Hopefully we won't read about you in the paper again this year. When you say all you really mean it don't you.


----------



## USSapper (Sep 26, 2005)

where were you


----------



## HUNTNFISHND (Mar 16, 2004)

> Kill everything, and let God sort it out!


That really says it all I guess! :eyeroll:

Try and lay off the hens and keep better records this time. Maybe you won't get fined! oke:


----------



## Bob Kellam (Apr 8, 2004)

Perch 44

I trust you will behave yourself this year??????

I'm not going to put up with any crap from anyone on the duck hunting forum. From past experience consider yourself under a microscope.

Good Hunting.



> We recommend that new visitors to the site use the search box on the home page when first looking for information on areas in ND (click here (see upper left side). Almost every question has been asked before, and Google has archived every one of the threads.
> 
> We also have 2 fantastic threads full of information on exactly what you're looking for including water conditions, restrictions, maps, etc:
> 
> ...


----------



## Perch_44 (Sep 21, 2006)

Bob Kellam said:


> Perch 44
> 
> I trust you will behave yourself this year??????
> 
> ...


of course i will behave myself. my trip to ND will be a little shorter though, just stopping to hunt a couple days on my way to sask. but it is still up in the air. we may head to canada first when some bad weather is coming in, and then follow the birds down into ND. who knows though.

i will be spreading my charm in Nebraska, Tennessee, and Arkansas this year though... :lol:


----------



## Bob Kellam (Apr 8, 2004)

Have a good time!!!

Bob


----------



## Perch_44 (Sep 21, 2006)

USSapper said:


> where were you


we hunt the logan county area and/or devils lake area every year.


----------



## Horsager (Aug 31, 2006)

Perch, when you travel between the US and CA, or even between two states on one trip, how does that factor into your posession limit? Can you come home with a limit from SK and then another limit from ND and still be legal?

I'm not flaming, no sarcasm, I just don't know.


----------



## Perch_44 (Sep 21, 2006)

Horsager said:


> Perch, when you travel between the US and CA, or even between two states on one trip, how does that factor into your posession limit? Can you come home with a limit from SK and then another limit from ND and still be legal?
> 
> I'm not flaming, no sarcasm, I just don't know.


i can honestly say not sure on the double limit thing, i'm gonna guess not though, and just to be safe, i wouldn't do it. thats too many dang ducks and geese anyways...

i've done a trip like this before, and we do, is just keep some birds for home from the last place we are. so, if we go to sask first, we won't transport any into ND, and then bring some from ND home, or vice versa.

a double limit, thats starting to get to be a lot of ducks and geese to bring home...


----------



## R y a n (Apr 4, 2005)

Perch_44 said:


> Horsager said:
> 
> 
> > Perch, when you travel between the US and CA, or even between two states on one trip, how does that factor into your posession limit?

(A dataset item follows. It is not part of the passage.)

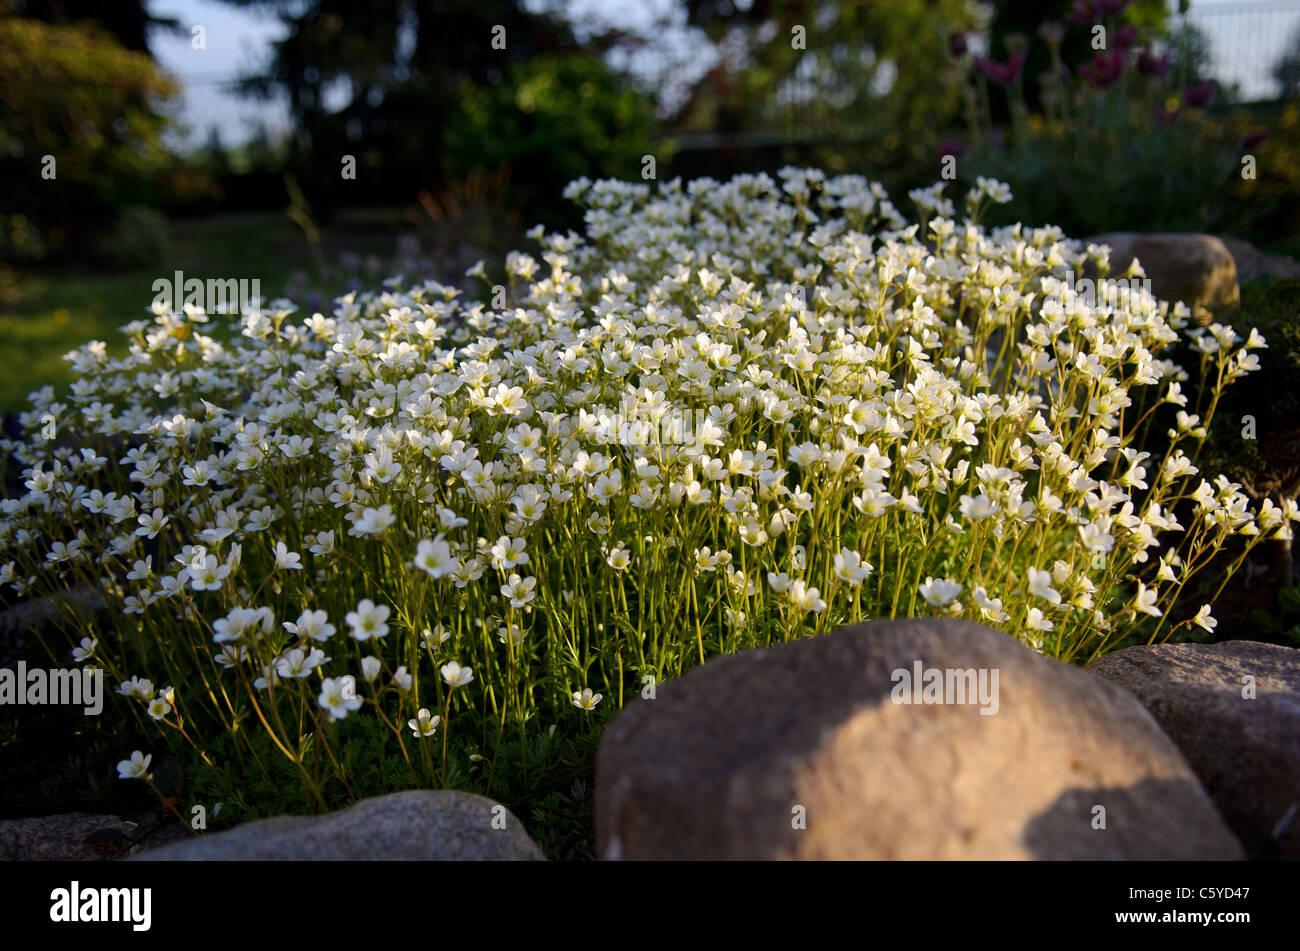 Bunch of small white flowers on a rockery stock photo 38097031 alamy bunch of small white flowers on a rockery izmirmasajfo

Can you come home with a limit from SK and then another limit from ND and still be legal?
> ...


I'm just really curious how many birds in total you have harvested in your multi week hunt?

Ryan


----------



## Perch_44 (Sep 21, 2006)

R y a n said:


> I'm just really curious how many birds in total you have harvested in your multi week hunt?
> 
> Ryan


first off, i don't want an argument starting about what happened last year, please don't stir the pot...

how many birds harvested? well, there is typically 10-14 of us that make this trip every year, whether its just to ND or Sask & ND, and we try to shoot a limit every day. unless we get sick of eating ducks for breakfast, lunch and dinner, then concentrate on pheasants more.


----------



## Horsager (Aug 31, 2006)

What do you do with the birds you kill and don't bring home?


----------



## Perch_44 (Sep 21, 2006)

Horsager said:


> What do you do with the birds you kill and don't bring home?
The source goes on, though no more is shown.